"Clocking down" is not technically correct as it is the number of lanes that are reduced, not the clock speed. An excerpt from
Anandtech explains this further, but it's a bit cryptic:
"NVIDIAs first task in assuring that the load distributed to both GPUs would be balanced and symmetrical was to equip their nForce4 SLI chipset with identical width PCI Express graphics slots. By default, PCI Express graphics cards use a x16 slot, which features 16 PCI Express lanes offering 8GB/s of total bandwidth. Instead of outfitting their chipsets with 16 more PCI Express lanes, NVIDIA simply allows the number of lanes to be reconfigurable to either a single x16 slot or two x8 slots, with the use of a little card on the motherboard itself.
The physical slots themselves are both x16 slots, but electrically they can be configured to be two x8 slots.

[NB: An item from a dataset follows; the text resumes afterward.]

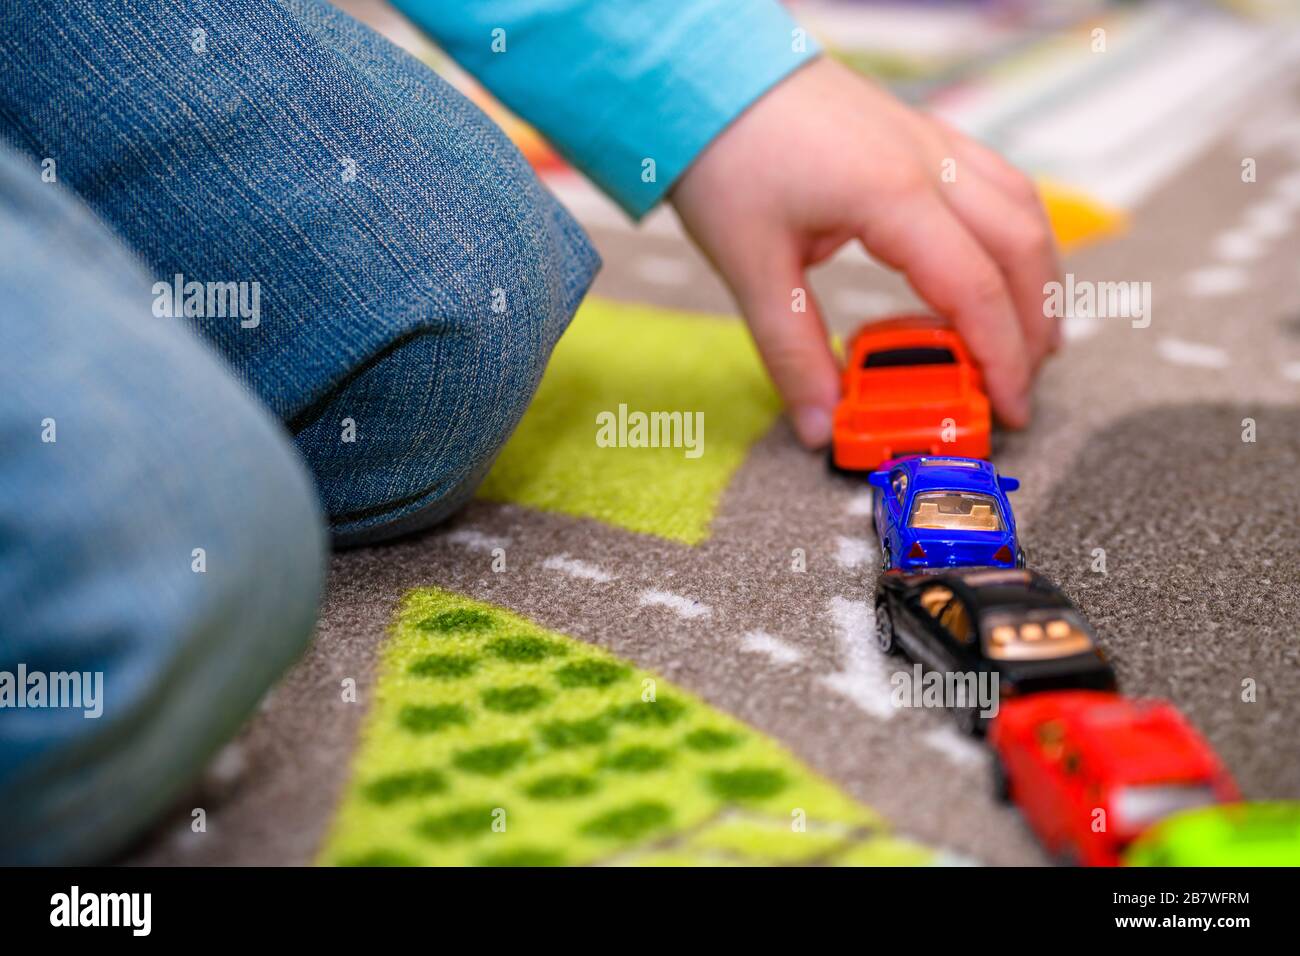 Primo piano di un ragazzo di cinque anni che gioca e allineano le auto giocattolo su un tappetino da gioco con le strade. Il ragazzo è vestito di jeans blu e tiene una macchina giocattolo rossa. Foto Stock

This wont cause any compatibility issues with x16 cards, as they will just use fewer lanes for data transfers, and the real world performance impact is negligible in games, which is what NVIDIA is counting on."
I think what this means is that PCIe graphics cards use 16 lanes by default, but when SLI is enabled, the SLI Chipset only uses 8 lanes per card. The real world impact of this is negligible, but the graphics cards themselves must still plug into full-size 16-lane (x16) slots.